Let's Encrypt certificate expiration notice for domain "..."

Hello,

I’m getting multiple e-mails per day that tell me, that some certificate of a website is about to expire.
However, I do not own these domains and never requested a certificate for them.
One example is: http://analytics.klavier-spielen-lernen.com/ or http://kratomize-me.de/.

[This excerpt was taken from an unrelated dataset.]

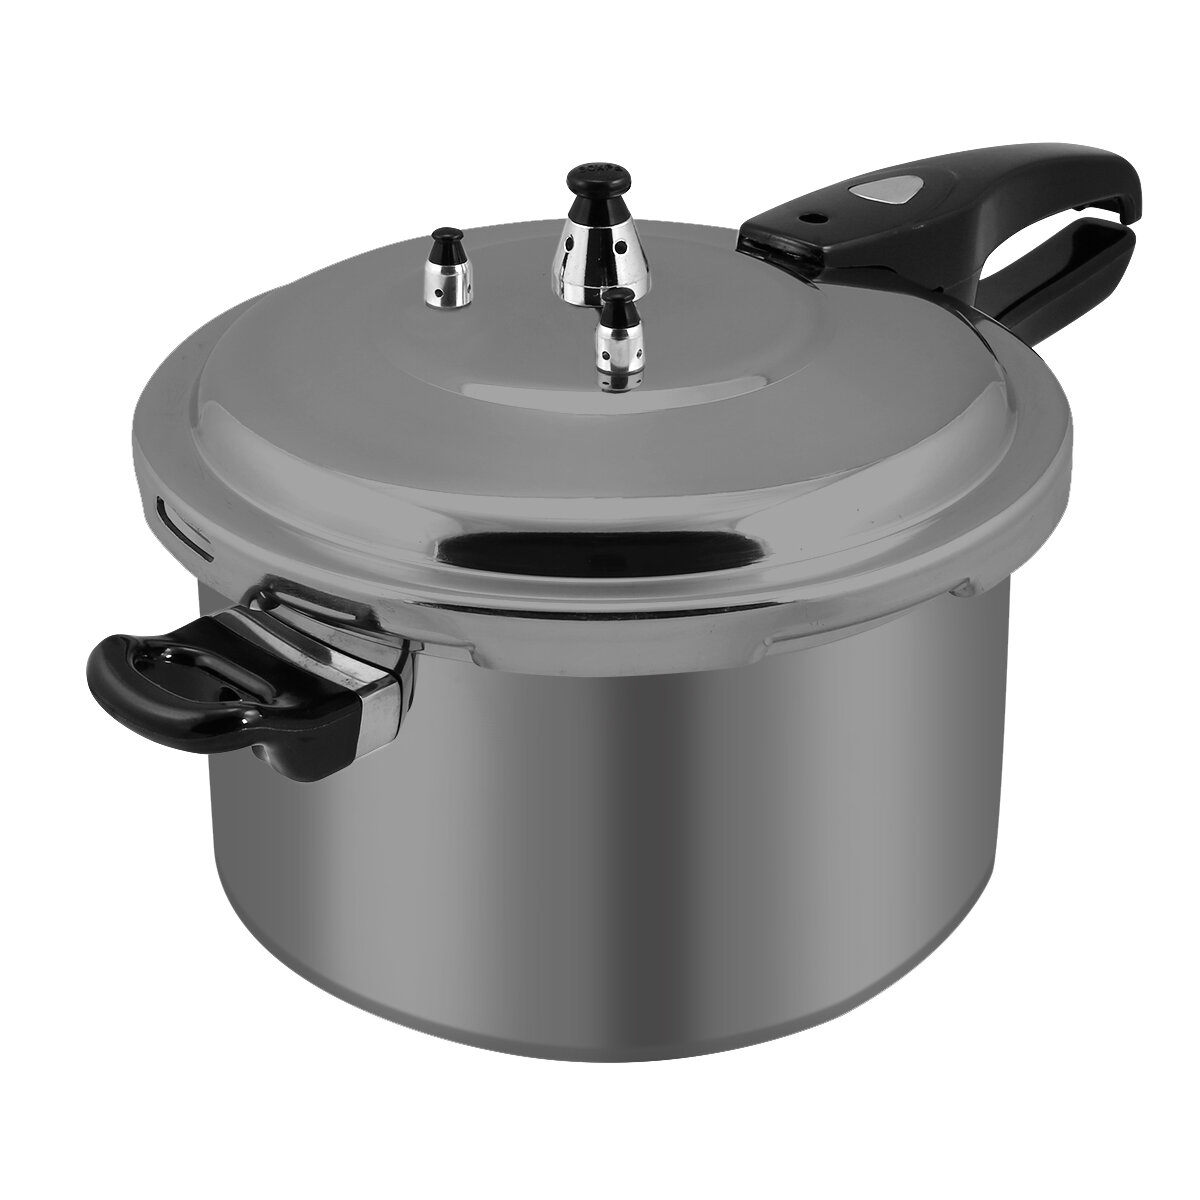 Barton Holiday Home 6 Qt. Stovetop Pressure Cooker & Reviews

If you’re using Plesk, read this: https://support.plesk.com/hc/en-us/articles/213398529-Let-s-Encrypt-certificate-renewal-notices-are-sent-to-wrong-email-addresses

Otherwise I have no idea, sorry.

I don’t use plesk and I also don’t see how this is related to this issue (since the mails are sent by letsencrypt).

There was a bug that caused Plesk to subscribe the wrong user’s email address to Let’s Encrypt’s notifications. But if you don’t use Plesk that’s indeed irrelevant.

Maybe someone with a similar email address mistyped it and entered yours instead? Nothing you can really do about it, except unsubscribe (though note that will unsubscribe you from notifications about your own domains too, if any).

I don’t think that over 10 people made a typo. I think that something is broken and the mails are send to the wrong addresses.

@auchri, do you use shared hosting at https://www.webgo.de/ for any of your domains? If so, then it may be issue similiar to the Plesk one. If not - no idea what happened here…

Also, I see that both domains you pasted point to the same IP address (37.17.224.47). Could you provide additional examples or check by yourself whether they also point to that IP? This may be a hint where the problem lies.

1 Like

@mkwm I’ve used that hosting provider in the past, but I switched to my own server since more than a year now.

And yes, the other domains of the mail’s I’ve got also point to that ip.

That starts to makes some sense - receiving completely random renewal emails would be strange, but now we know these domains have someting in common.

I guess someone at webgo.de did something wrong with their Let’s Encrypt integration and their control panel now uses your email address for every Let’s Encrypt account (or they have single Let’s Encrypt account assigned to your email address). If I were you, I would probably try to contact their support (according to whois data, 37.17.224.47 falls inside webgo GmbH address space) with full list of domains you got expiration warnings for and tell them that you suspect that something is wrong with their LE integration (as all these domains point to the same IP on their shared hosting and it seems unlikely that 10 people from the same IP address made exactly the same mistake).

You can unsubscribe from expiration notices, effectively “banning” Let’s Encrypt from sending you any expiration notices in future. Obviously, if you use the same email address for your own LE account and you want to receive them for your own domains, you’ll have to change it (some providers, such as Gmail, treat username+something@example.com as the same address as username@example.com, so maybe you won’t need to use additional mailbox).

1 Like

Well, I just talked with the webgo.de-Support and they told me, that it’s an error of Letsencrypt and you haven’t fixed it yet.

Of course I don’t want to unsubscribe from all of the expiration notices in future.

It’s fairly unlikely that this is due to an issue at Let’s Encrypt’s end rather than a bug in webgo’s Let’s Encrypt integration. Let’s Encrypt probably sends millions of these emails every month, so the likelihood that there’s a bug and no one else has run into it is relatively low.

webgo, assuming they’re the ones responsible for adding your email address to these ACME accounts, should be able to update the email address for the affected ACME account(s) with an API request to the ACME server. Feel free to tell them to reach out on this forum if they need assistance with this task.

If they’re unwilling to do this, your only option to stop receiving these emails would be to unsubscribe from all expiration notices, as @mkwm has mentioned. You could use an email alias (or the gmail address+foo trick) to resubscribe the domains you actually own.

PM me your email and I’ll take a look at what’s up.

I’ve looked at our logs, and this appears to be the case. There are a fair number of certificates issued for a variety of domains, by a single ACME account using Certbot on 37.17.224.47. That account has @auchri’s email address on it, but clearly doesn’t belong to @auchri.

@auchri, would you get in touch with webgo.de to convey the above information? They are very welcome to chime in on this thread and we will help them debug the issue. Most likely all they need to do is:

certbot register --update-registration -m example@webgo.de

This topic was automatically closed 30 days after the last reply. New replies are no longer allowed.